PHARMACEUTICAL | DRY EYE
Understanding Dry Eye
Dry Eye Disease:
Disruption of Ocular Surface Homeostasis
Dry eye disease (DED) is a complex condition with multiple etiologies, all of which lead to a tear deficiency, which is a reduction in tear volume and/or altered tear composition.1,2
Tear deficiency perpetuates the vicious cycle of DED, which involves tear instability and hyperosmolarity, corneal and conjunctival cell death, inflammation, goblet cell loss, and neurosensory abnormalities.1,2
Overview of DED Treatment Modalities
The current DED prescription treatment landscape includes ocular and nasally administered drugs that make up four drug classes: anti-inflammatory, immunomodulatory, anti-evaporative, and neuroactivation.3-6
Neuroactivators are drugs that unilaterally upregulate signaling and activity.7 In tear production, a neuroactivator activates the trigeminal nerve of the lacrimal functional unit (LFU) to coordinate innervation of secretory glands (lacrimal glands, goblet cells, and meibomian glands), leading to the release of important tear components.8,9
This LFU activation can occur through either the nasal or ocular pathways, involving different receptors.8 Presently, the only neuroactivator approved for treating dry eye is administered through the nasal cavity.7
Corneal TRPM8 Thermoreceptors,
A Novel Target for Tear Production
Corneal transient receptor potential (TRP) ion channels, which respond to a wide array of environmental stimuli, play a role in various physiological and pathophysiological processes.10,11 These channels are being explored as potential therapeutic targets for dry eye.
Transient Receptor Potential Melastatin 8 (TRPM8) ion channels are expressed on corneal cold thermosensory neurons and are responsible for regulating tear production.12-14
Review our infographic for more information about TRPM8.
References:
1. Bron AJ, de Paiva CS, Chauhan SK, et al.
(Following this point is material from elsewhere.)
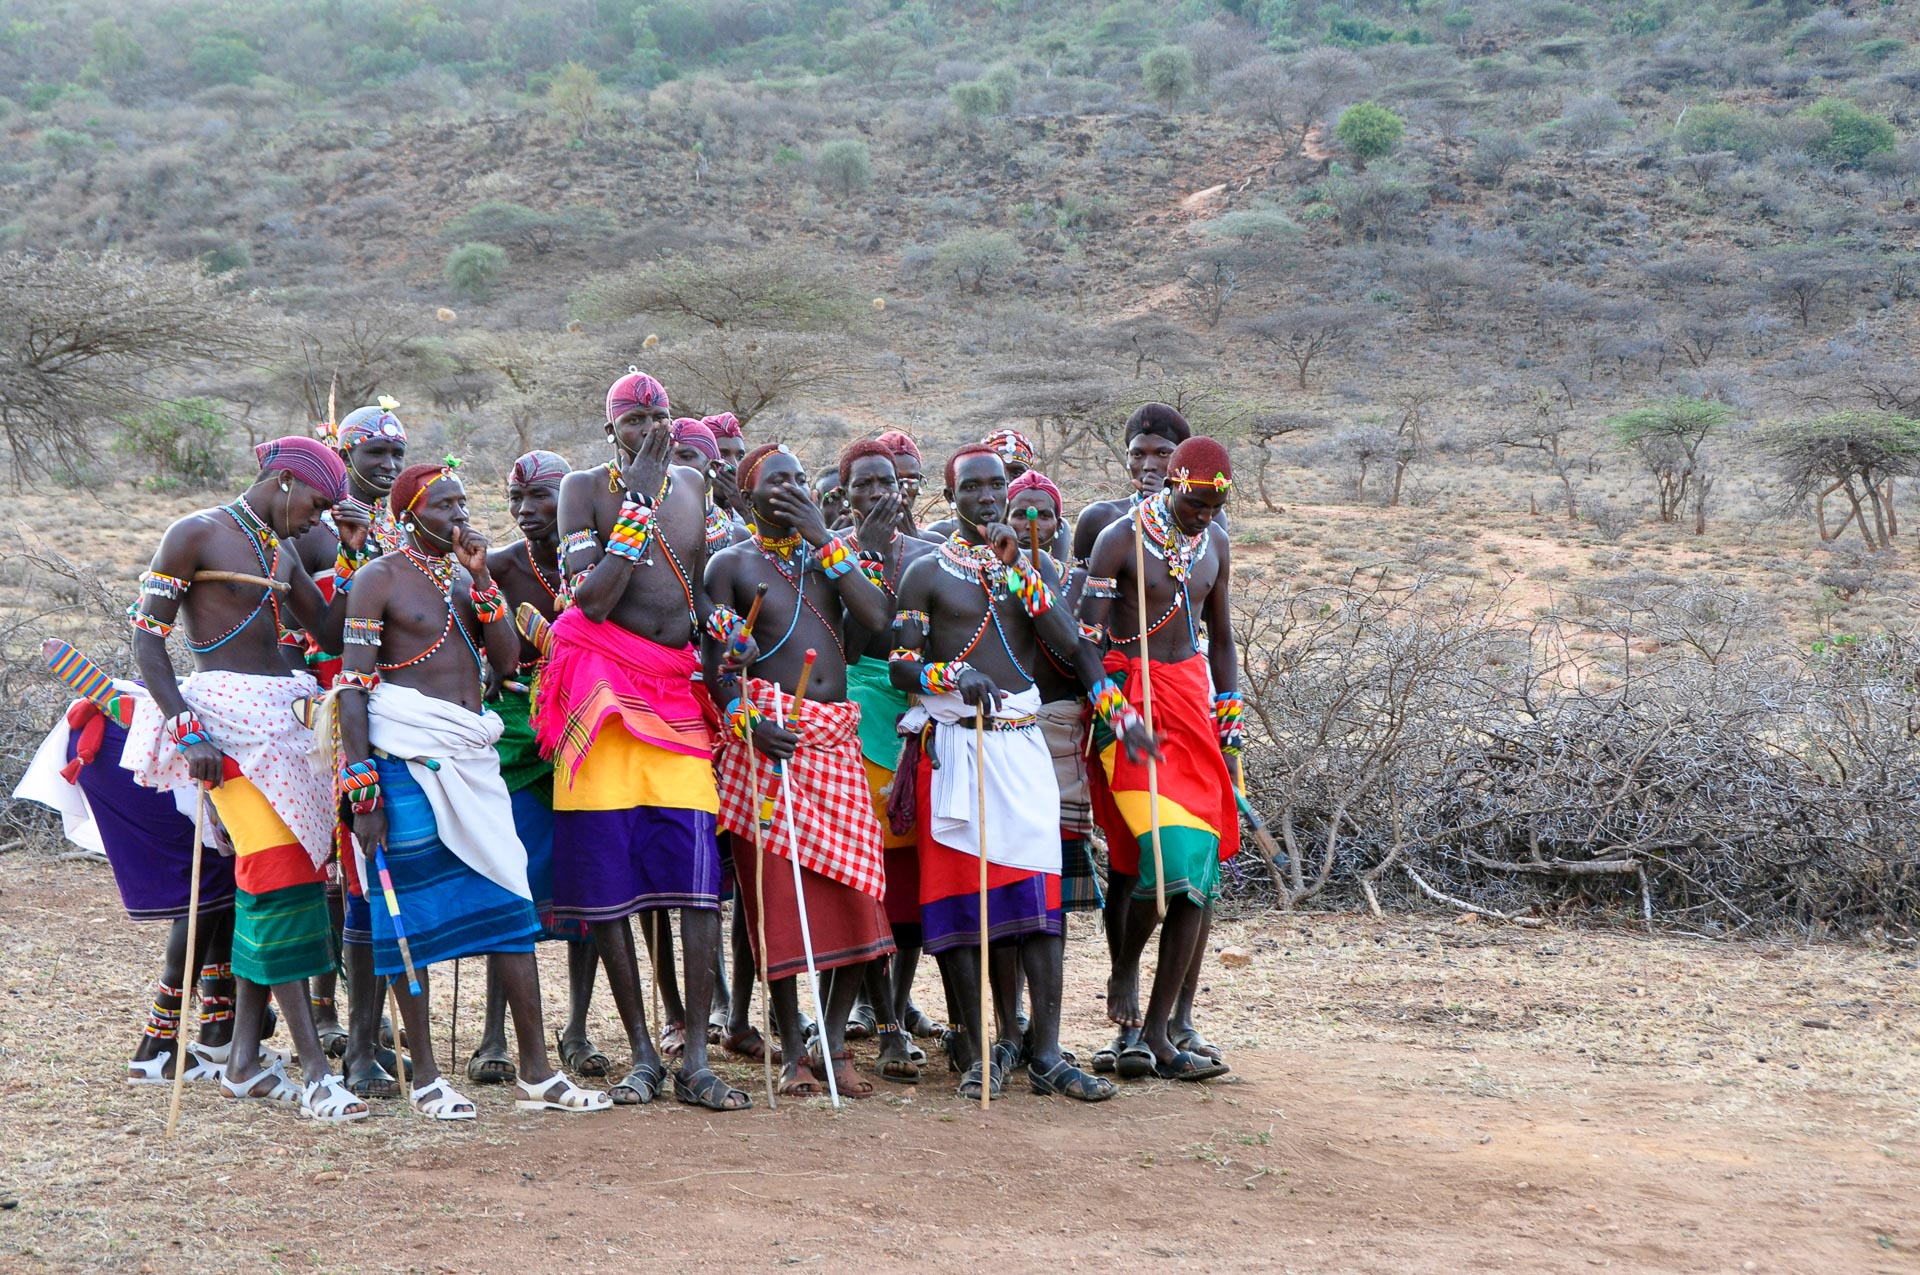 Samburu-Menschen-Kenia-Globetrotter-Select-4

Ocul Surf. 2017;15(3):438-510.
2. Craig JP, Nelson JD, Azar DT, et al. Ocul Surf. 2017;15(4):802-812.
3. Gao D, Da Z, Yang K, Shi Y. Front Pharmacol. 2022;13:882803.
4. Semba CP, Gadek TR. Clin Ophthalmol. 2016;10:1083-1094.
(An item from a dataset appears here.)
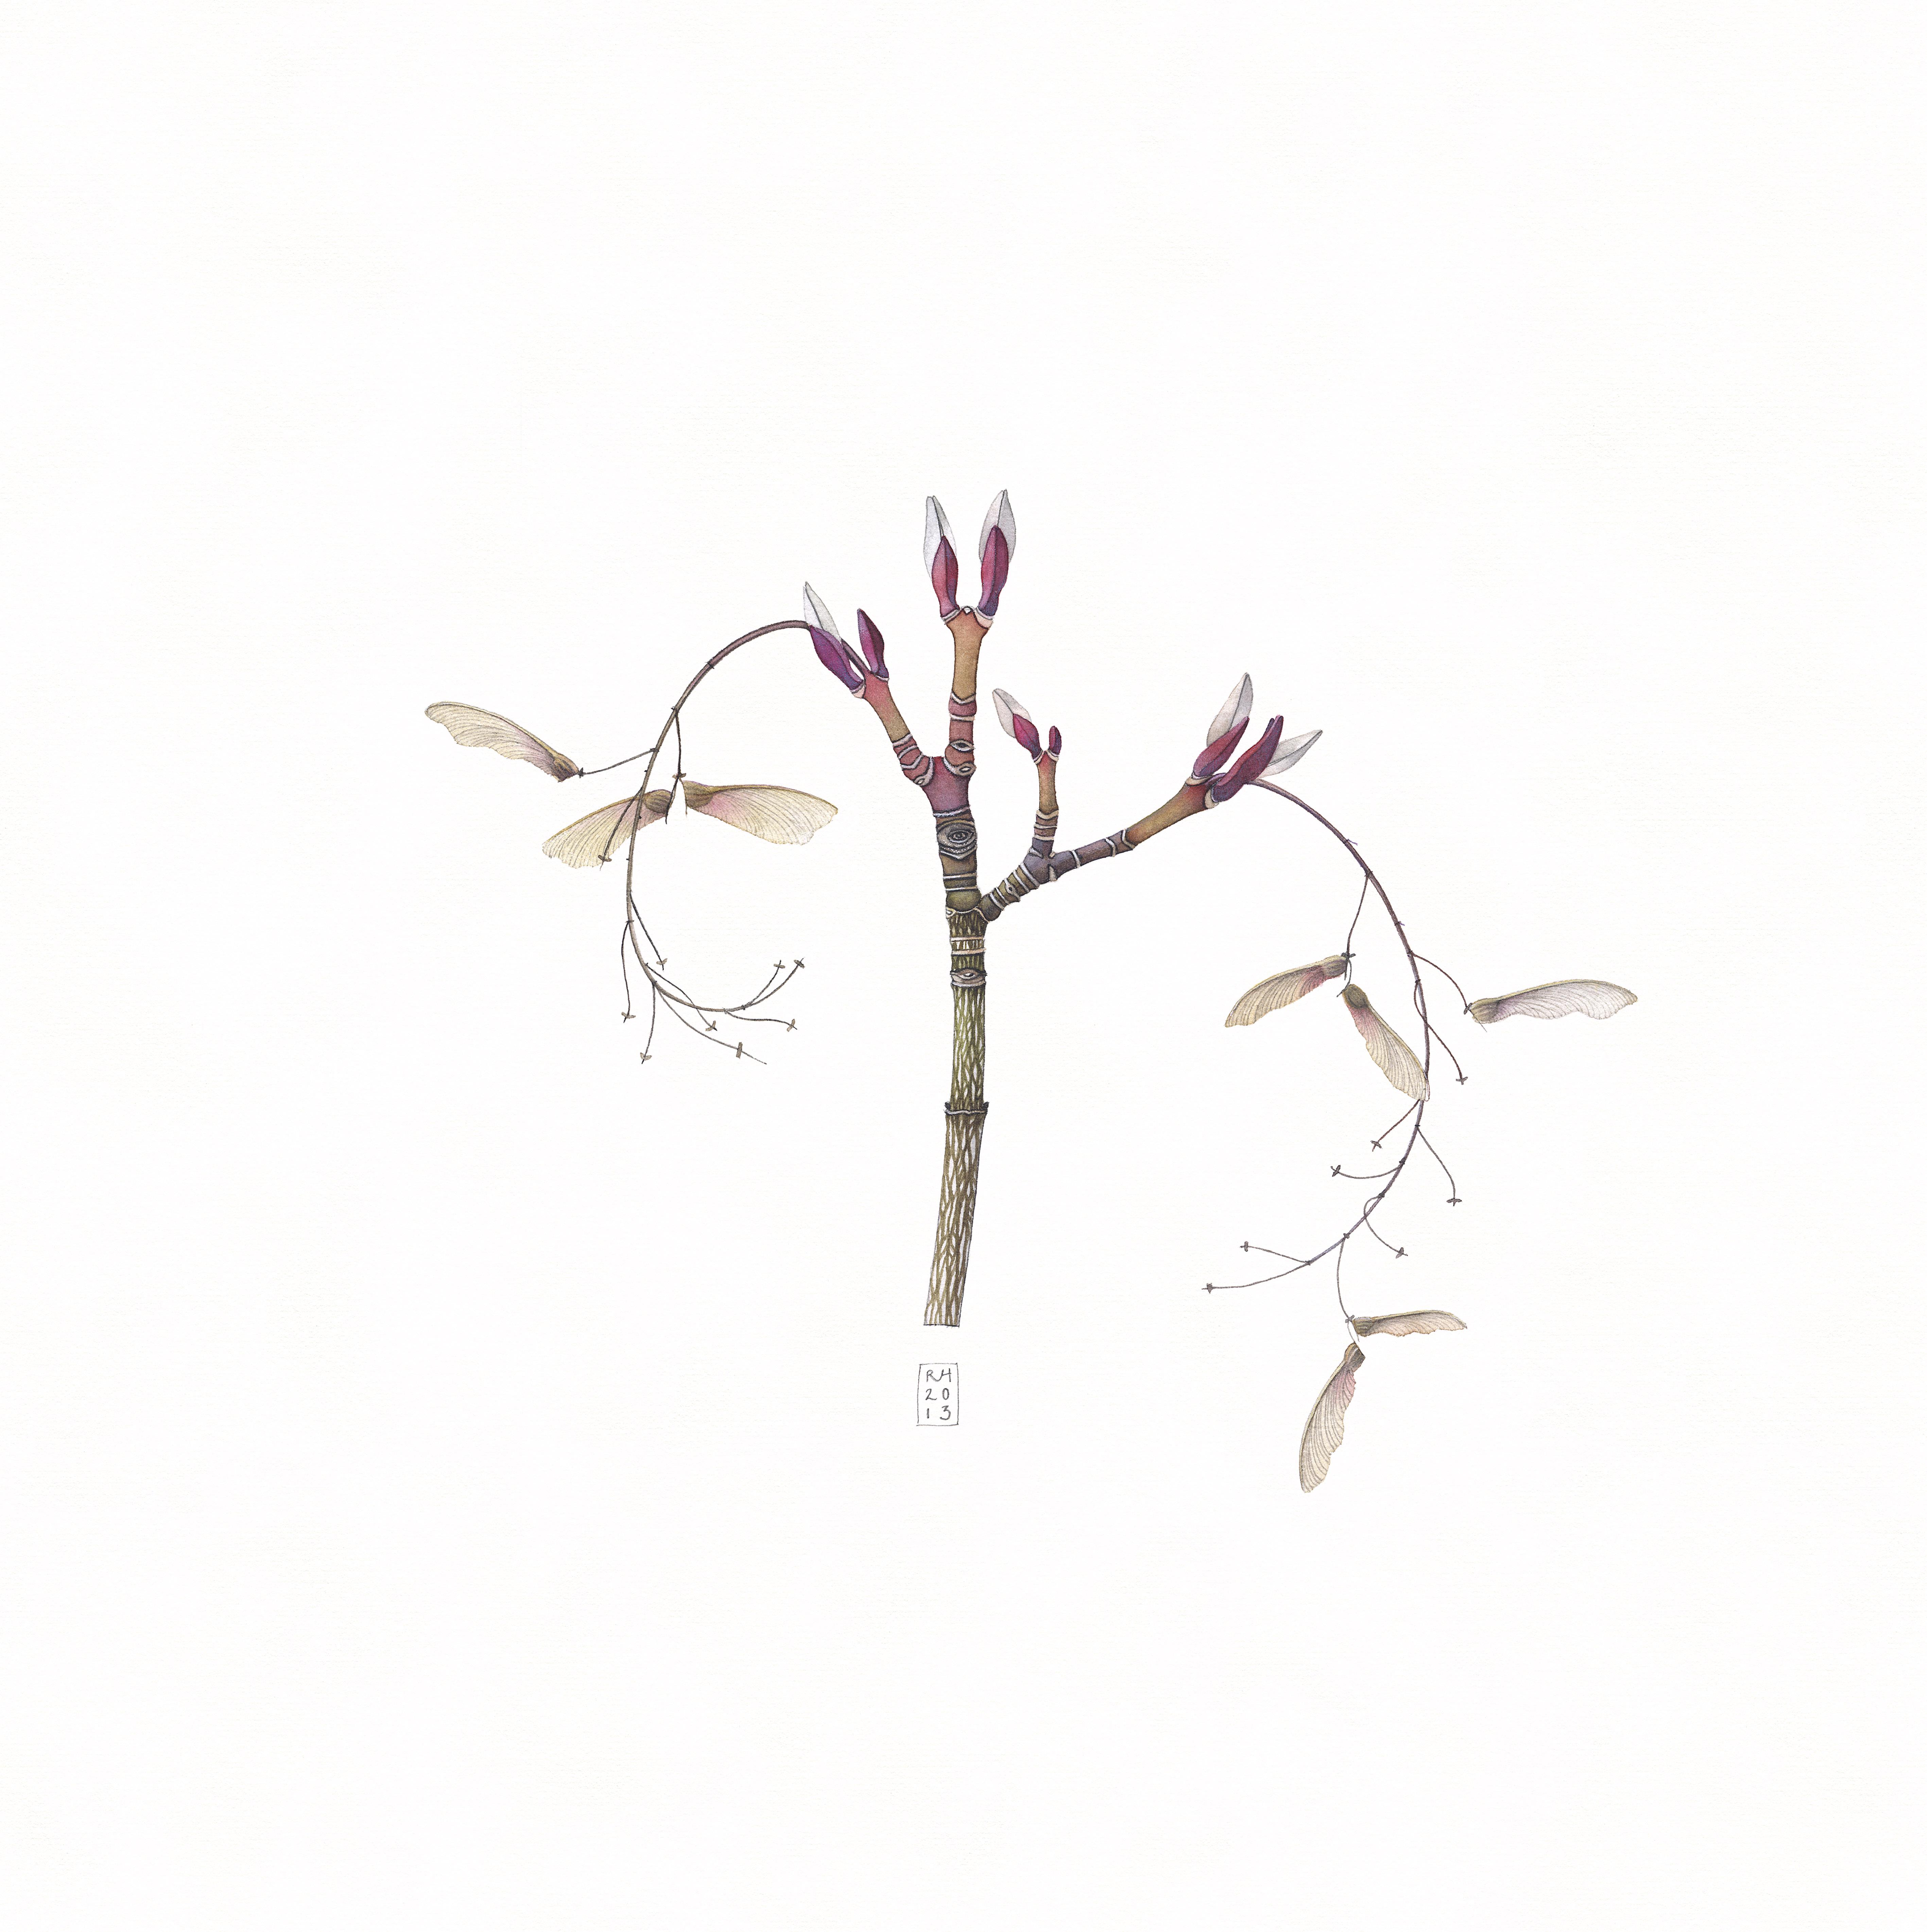 33. Acer pensylvanicum

5. Frampton JE. Drugs. 2022;82(14):1481-1488.
6. Sheppard JD, Evans DG, Protzko EE. Am J Manag Care. 2023;29(14 Suppl):S251-S259.
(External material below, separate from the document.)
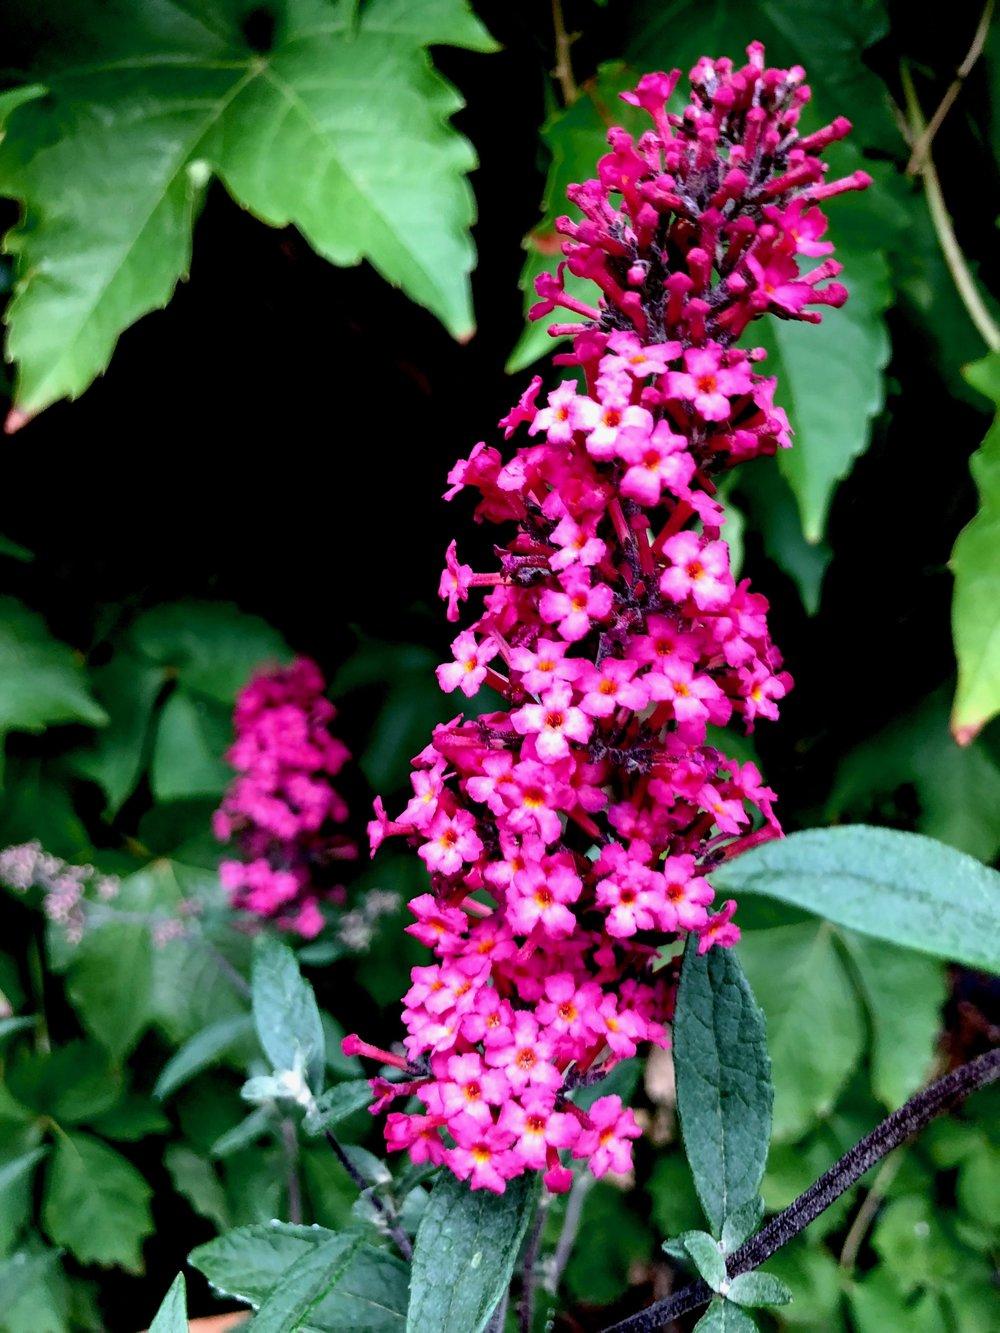 Det er godt med planter, der fylder lidt i krukkerne. Jeg har ikke tidligere haft sommerfuglebusk i krukke, men jeg har læst mig til, at det burde gå fint. De fryser nok tilbage til venter og skal klippes ned til foråret - ligesom busken i haven i øvrigt - men næste år vil den skyde fint. Husk i øvrigt at klippe visne blomster af din sommerfuglebusk, så vil den blomstre længere.

7. Wirta D, Vollmer P, Paauw J, et al. Ophthalmology. 2022;129(4):379-387.
8. Wirta DL, Senchyna M, Lewis AE, et al. Ocul Surf. 2022;26:166-173.
9. Wirta D, Torkildsen GL, Boehmer B, et al. Cornea. 2022;41(10):1207-1216.
10. Samanta A, Hughes TET, Moiseenkova-Bell VY. Subcell Biochem. 2018;87:141-165.
11. Zhang M, Ma Y, Ye X, Zhang N, Pan L, Wang B. Signal Transduct Target Ther. 2023;8(1):261.
12. Belmonte C, Gallar J. Invest Ophthalmol Vis Sci. 2011;52(6):3888-3892.
13. Yang S, Wu Y, Wang C, Jin X. Front Med (Lausanne). 2022;9:830853.
14. Yang TJ, Yu Y, Yang JY, et al. Ann Transl Med. 2022;10(15):839.